How, we wonder, did the first person learn to whistle? That one would not have had a teacher but simply a curiosity about sound.

And why, we must ask, were women for centuries warned not to whistle?

An old English proverb, in fact, says, &uot;A whistling woman and a crowing hen is neither fit for God nor men.&uot;

Perhaps whistling started as a hum. That’s easy to imagine. If not an English-style air, at least a chant-like mmm could have inspired further use of the yet unexplored human musicality.

And then what were the words first spoken and how, when and why did they originate? Did bird-like sounds come first? Language, most experts think, may be easier to figure than whistling.

One anthropologist suggests that children are responsible for language. He says that at some point early in man’s history children were put together in pens, confined while the adults were hunting and gathering food.

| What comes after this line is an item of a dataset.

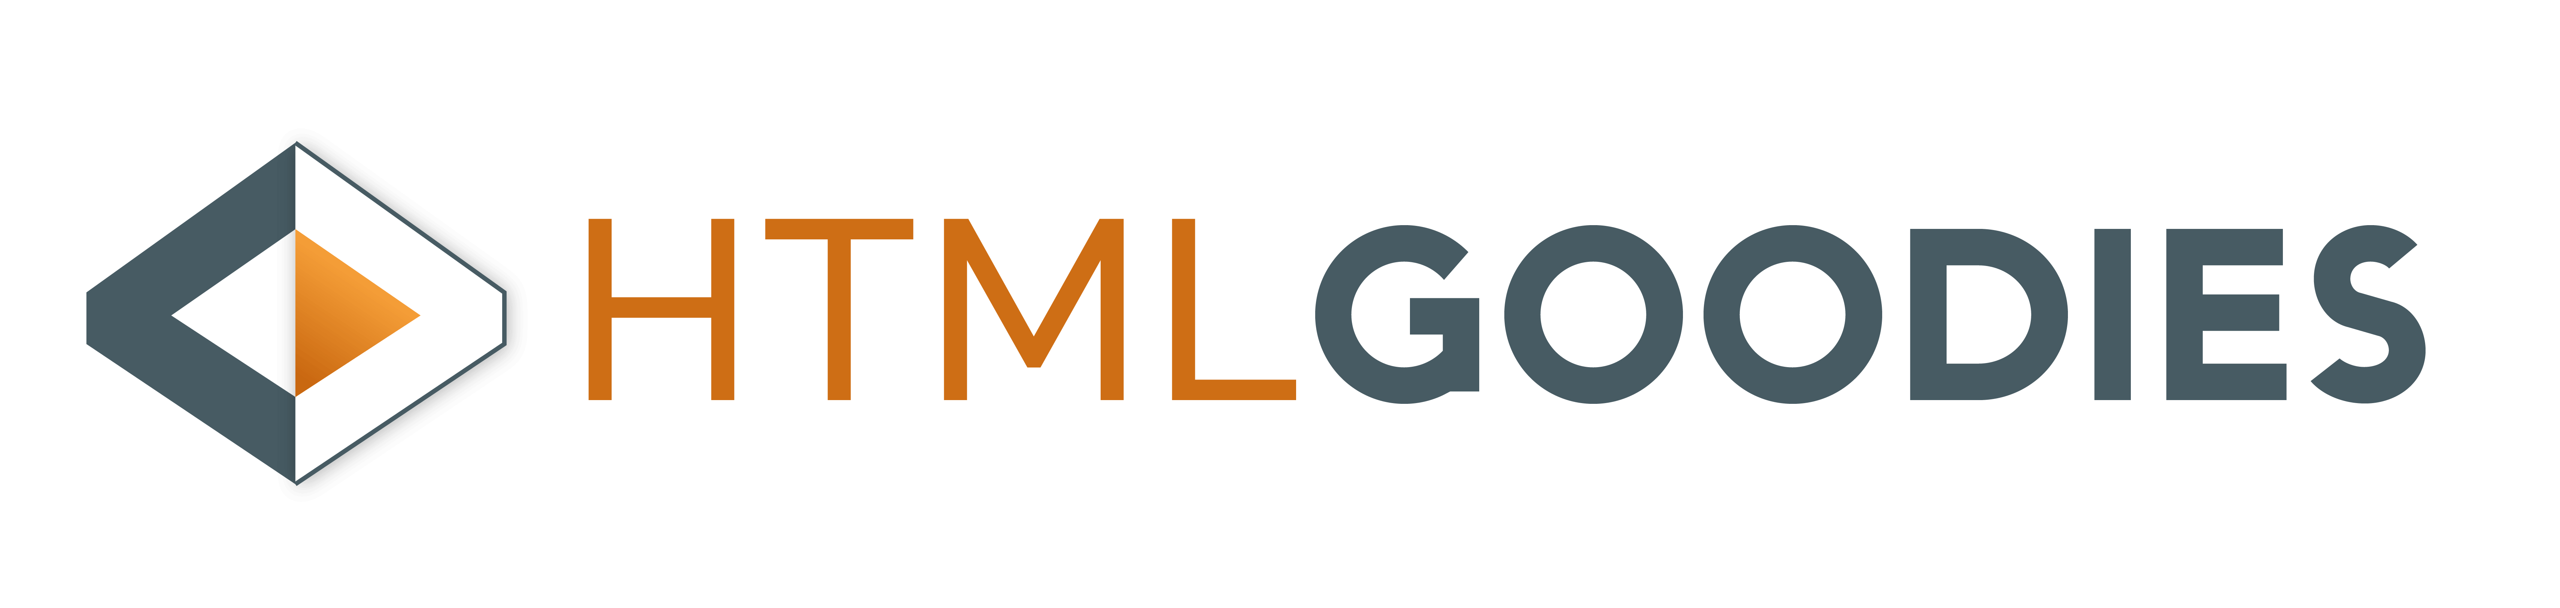 HTML Goodies

One day the adults realized new sounds were coming from the pens. Those sounds were animated and repetitious, as the children had learned that in confinement they had to communicate to differentiate objects and actions.

The story is plausible and charming.

Might whistling also have been started by young rather than mature naturalists? Maybe the simple call of the bobwhite or the plaintive tones of the white-throated sparrow inspired the first human efforts to whistle.

Whatever the origin, whistling has become important in our lives through the years. For most of us, that practice of blowing air in tuneful ways is a subconscious act.

Some folks whistle when they’re nervous, taking that advice about whistling in the dark to keep their courage strong.

Others whistle when they’re concentrating; still others when they’re happy.

The advice of songs that tell us to whistle while we work or to whistle a happy tune when our spirits are down is probably good advice.

Come to think of it, now after all these generations of human whistlers, the act may be just about as natural to people as to creatures who do it among the newly green boughs of Mississippi trees.

A joyful springtime reminder of a shared nature fills the air. Our own attempts at whistling, prompted more by emotions than by seasons of the year, are fulfilling in their own ways, too. And forget the old adage. Joy of whistling extends to gals as well as guys.